Pourquoi la CPAM peut refuser de reconnaître votre accident du travail
Un accident survenu au temps et au lieu du travail est présumé professionnel : c'est la présomption d'imputabilité de l'article L. 411-1 du Code de la sécurité sociale. Cette présomption est un atout considérable, mais elle n'est pas automatique : la caisse instruit votre dossier et peut décider de ne pas prendre en charge le sinistre. Les motifs de refus les plus fréquents tiennent à trois situations.
| Motif de refus invoqué | Ce que la CPAM avance | Ce qui joue en votre faveur |
|---|---|---|
| Matérialité de l'accident non établie | Aucun témoin, pas de fait soudain daté, déclaration tardive. | Un témoignage, le certificat médical initial daté du jour, la soudaineté de la lésion suffisent souvent à établir le fait accidentel. |
| Accident hors temps ou lieu de travail | Le fait ne serait pas survenu sous l'autorité de l'employeur. | Dès lors que vous étiez sous subordination (y compris pause, mission, télétravail), la présomption s'applique. |
| Cause étrangère au travail | La lésion résulterait d'un état de santé antérieur. | La caisse doit prouver une cause totalement étrangère : un simple état antérieur ne suffit pas à écarter la prise en charge. |
Très souvent, le refus fait suite à des réserves motivées émises par l'employeur. Depuis le décret n° 2019-356 du 23 avril 2019, l'employeur dispose d'un délai de dix jours francs à compter de la déclaration pour contester le caractère professionnel de l'accident (article R. 441-6). Ces réserves ne peuvent porter que sur les circonstances de temps et de lieu de l'accident ou sur l'existence d'une cause totalement étrangère au travail : de vagues doutes ne suffisent pas. Lorsqu'elles sont recevables, elles obligent la caisse à mener une enquête avant de statuer.

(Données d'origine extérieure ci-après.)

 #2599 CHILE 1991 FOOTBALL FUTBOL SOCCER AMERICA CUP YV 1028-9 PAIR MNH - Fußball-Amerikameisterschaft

La procédure d'instruction : des délais qui jouent en votre faveur
La caisse ne dispose pas d'un temps illimité pour décider. Le Code de la sécurité sociale enferme son instruction dans des délais stricts, dont le dépassement se retourne à votre avantage.

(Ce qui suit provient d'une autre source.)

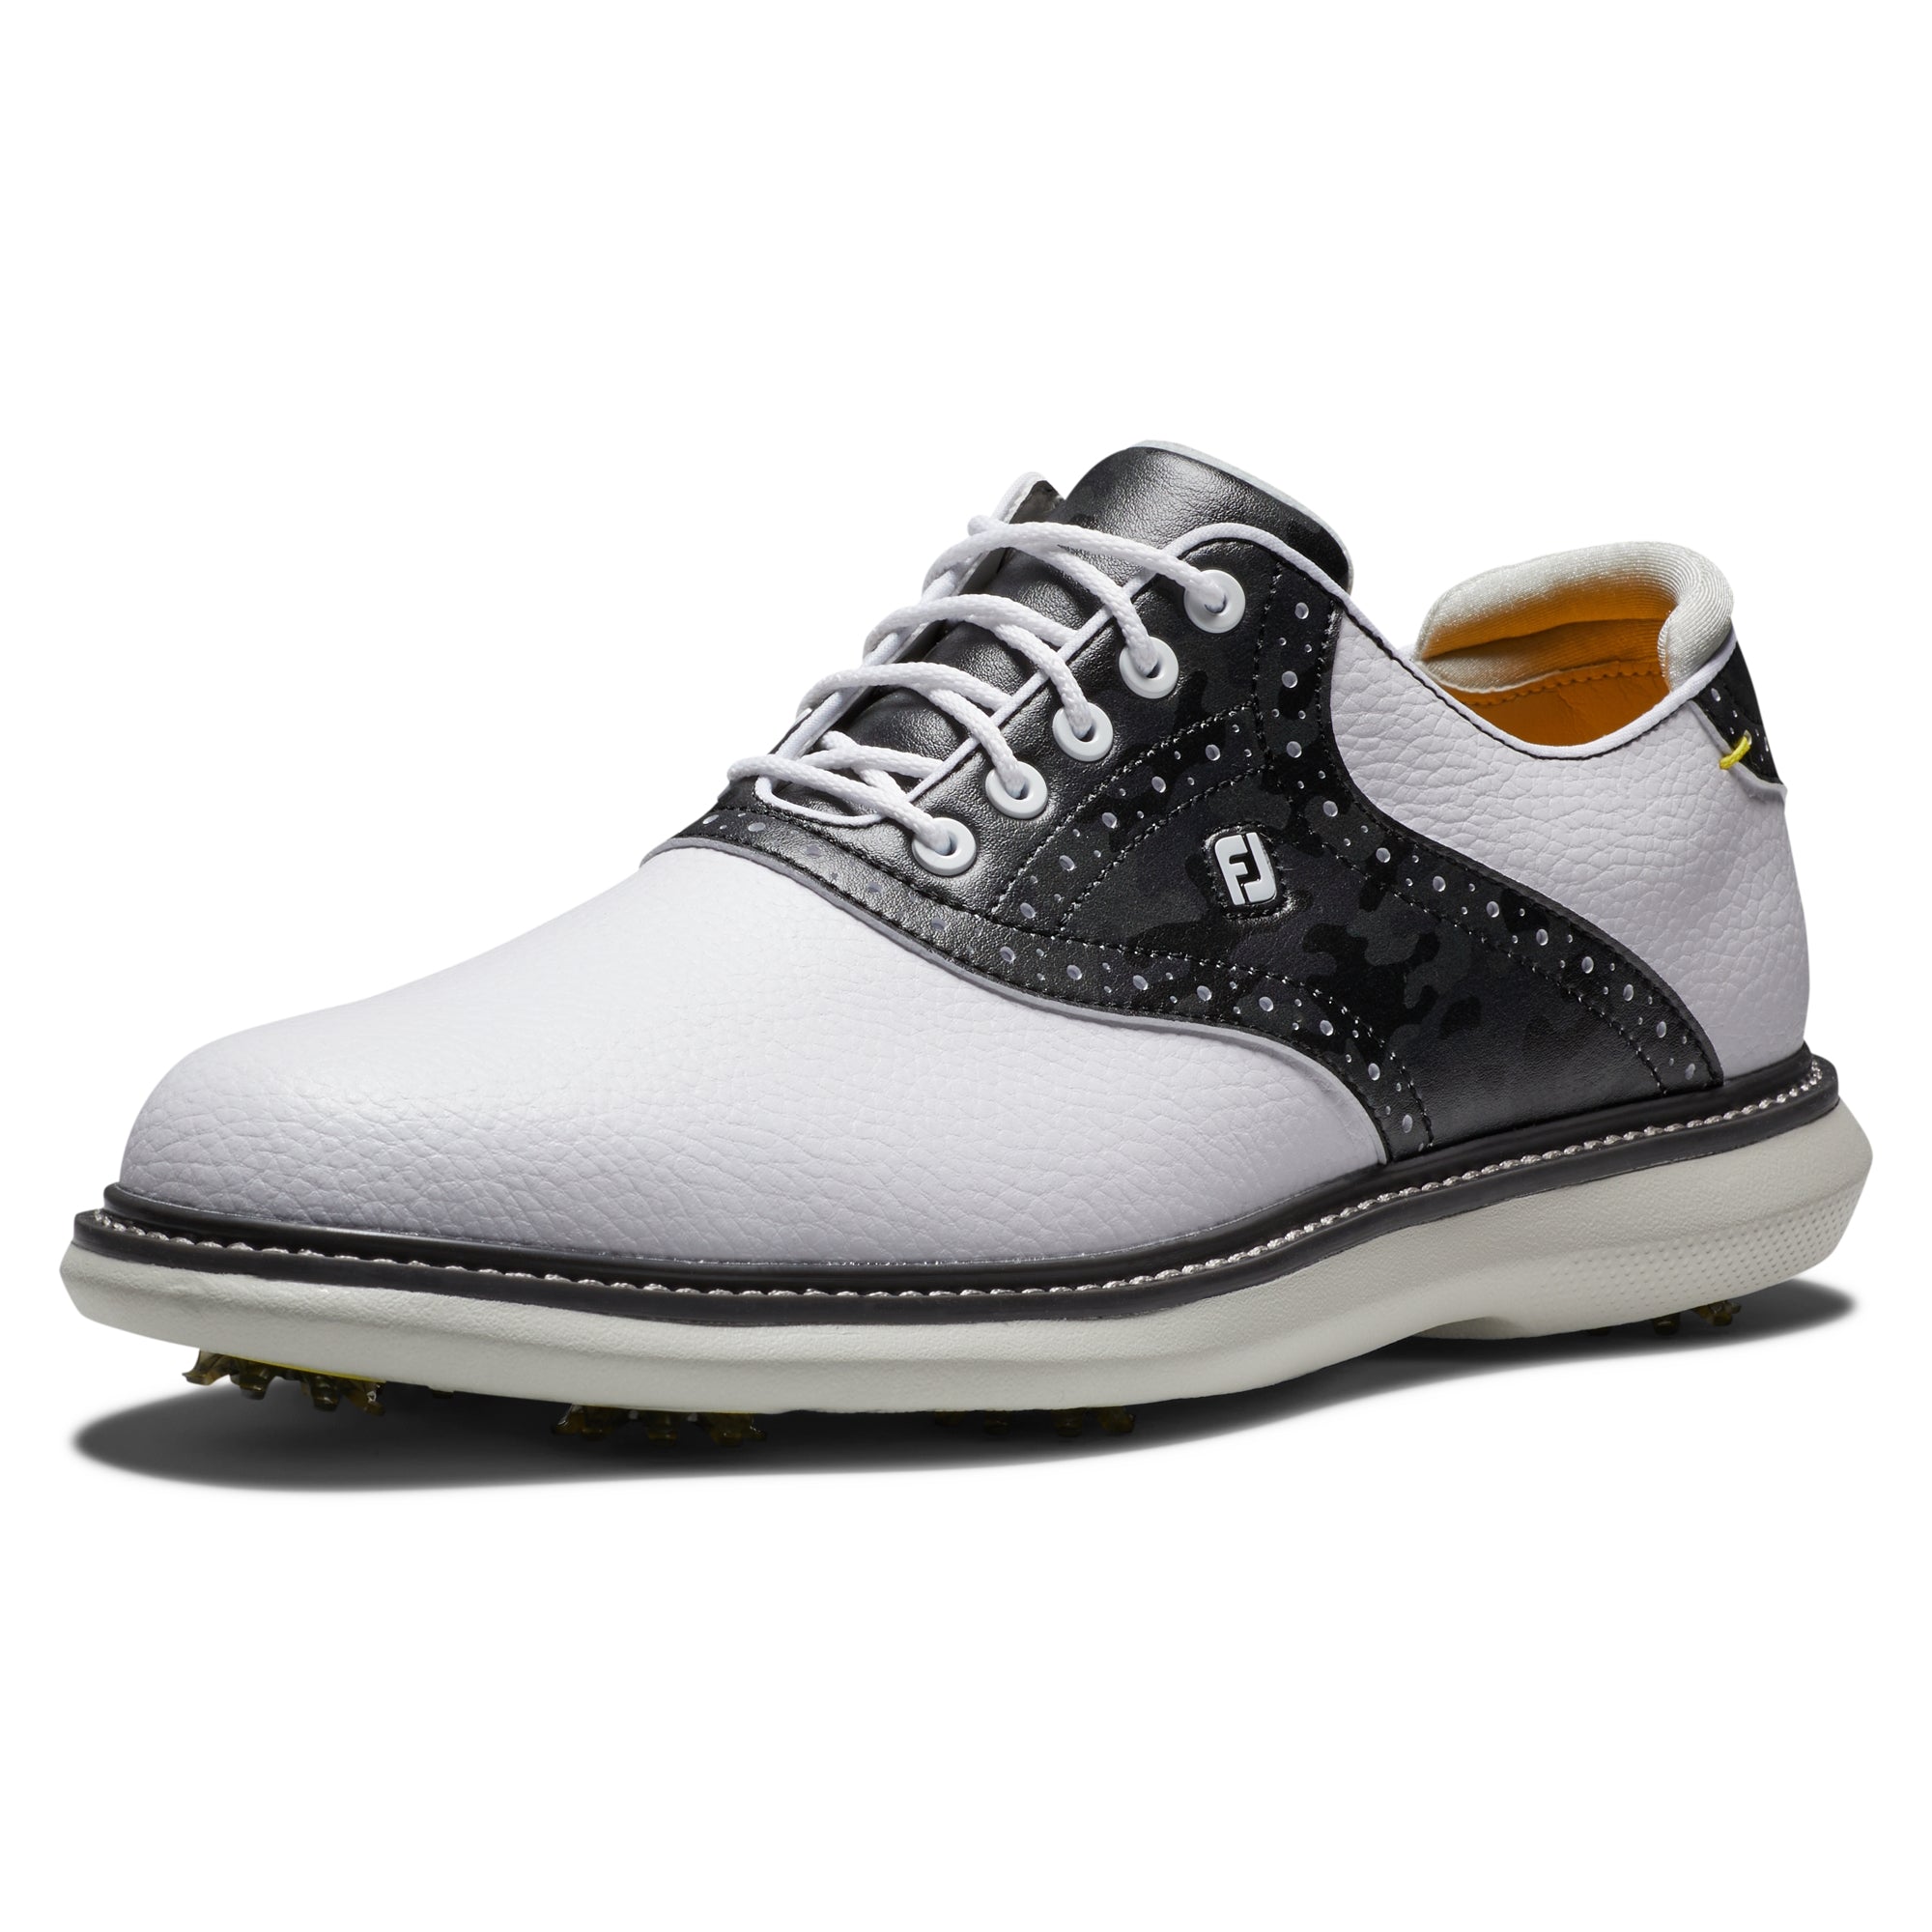 FootJoy Traditions Men's Golf Shoes 57928 - White/Black

| Situation | Délai de la CPAM pour statuer | Étapes intermédiaires |
|---|---|---|
| Aucune réserve, aucune investigation | 30 jours francs à compter de la déclaration et du certificat médical initial (R. 441-7) | Décision directe de prise en charge ou de refus. |
| Réserves de l'employeur ou doute de la caisse | 90 jours francs au total (investigations, R. 441-8) | Questionnaire à l'employeur et au salarié (à retourner sous 20 jours) ; mise à disposition du dossier au plus tard au 70e jour ; observations possibles pendant 10 jours (R. 441-14). |
Pendant la phase d'investigation, la caisse vous adresse un questionnaire sur les circonstances de l'accident et peut diligenter une enquête. C'est un moment décisif : vos réponses, aussi précises que possible, et les pièces que vous versez (témoignages, mains courantes, échanges écrits, certificat médical initial) construisent le dossier sur lequel la décision sera rendue. Avant que la caisse ne tranche, vous avez le droit de consulter l'intégralité du dossier et de formuler des observations écrites.
💡 La reconnaissance implicite : le silence qui vous profite. Si la CPAM ne vous notifie aucune décision dans les délais impartis (30 ou 90 jours francs), l'article R. 441-18 prévoit que le caractère professionnel de l'accident est reconnu de plein droit. Un dépassement de délai n'est donc pas un simple retard administratif : c'est une reconnaissance acquise. Conservez précieusement la preuve des dates de votre déclaration et de la notification que vous recevez.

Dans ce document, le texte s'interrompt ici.